Item 2. | Identity and Background |
Item 2 of the Schedule 13D is amended and restated as follows:
The Securities and Exchange Commission (“SEC”) found that Anson Advisors Inc. (“AAI”) violated Rule 105 of Regulation M under the Securities Exchange Act of 1934, as amended (the “Exchange Act”), through transactions on behalf of certain of its private funds clients executed in connection with three securities offerings in December 2019, June 2020, and April 2021. The SEC also found that AAI participated in these transactions based on an incorrect understanding of Rule 105’s bona fide purchase exception. The SEC did not find that any of AAI’s violations were intentional or negligent. The SEC’s order noted that Rule 105 prohibits the conduct irrespective of intent, and that AAI has since undertaken remedial steps to prevent further Rule 105 violations in the future.
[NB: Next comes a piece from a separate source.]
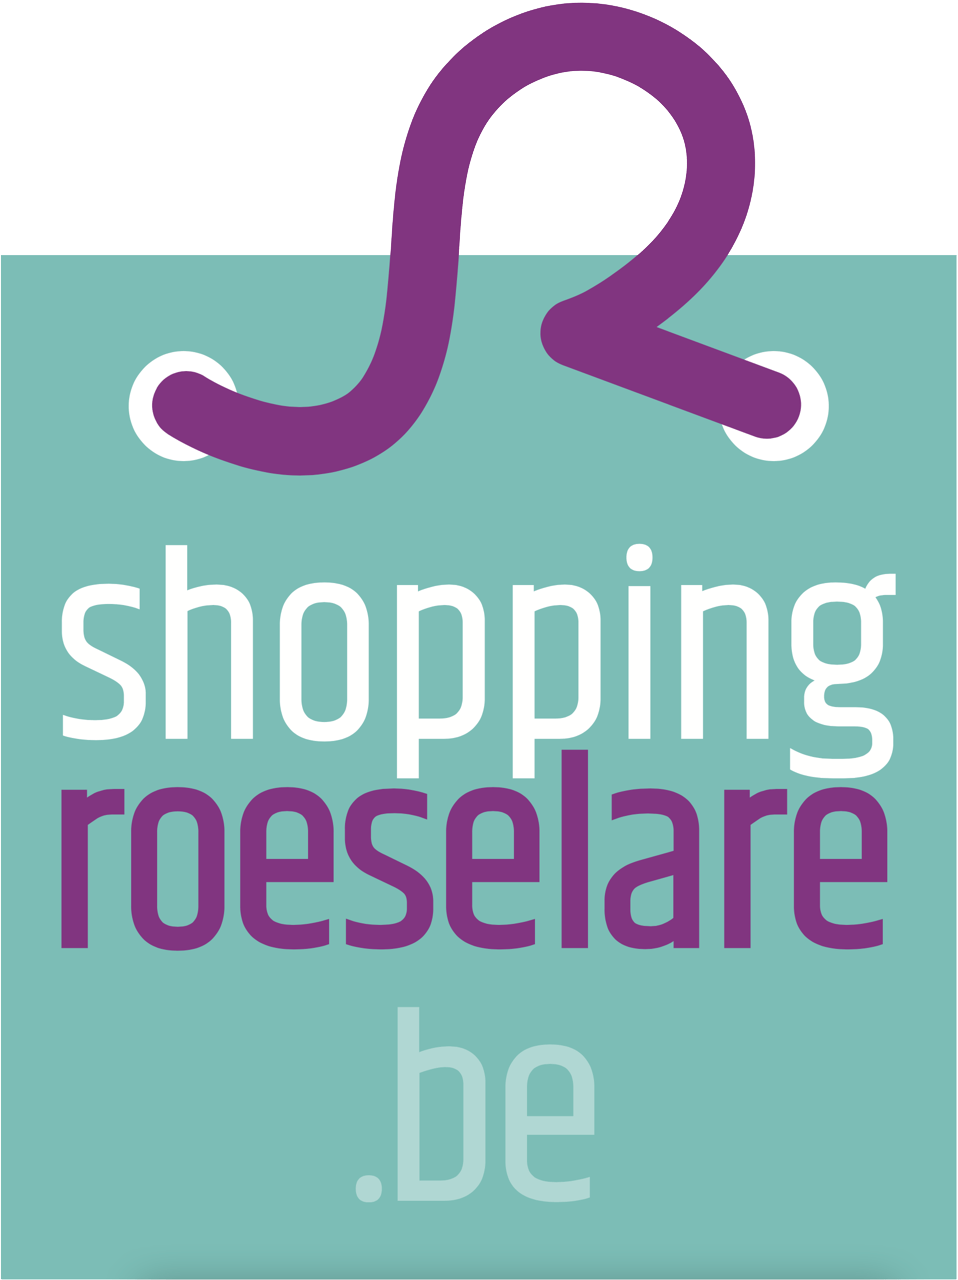 Shopping Roeselare logo

AAI was (i) ordered to cease and desist from committing or causing any violations and any future violations of Rule 105 of Regulation M under the Exchange Act, (ii) ordered to pay a civil money penalty in the amount of $600,000, and (iii) ordered to pay disgorgement of $2,469,109.11 and prejudgment interest of $261,285.30.
Item 3. | Source and Amount of Funds or Other Considerations |
Item 3 of the Schedule 13D is amended and restated as follows:
The ADSs representing the Ordinary Shares reported herein as being beneficially owned by the Reporting Persons were purchased using working capital of the Funds. An aggregate of approximately $ 46,924,664 (excluding brokerage commissions) was used to purchase ADSs representing Ordinary Shares reported as beneficially owned by the Reporting Persons in this Schedule 13D. Such securities were acquired through open market purchases.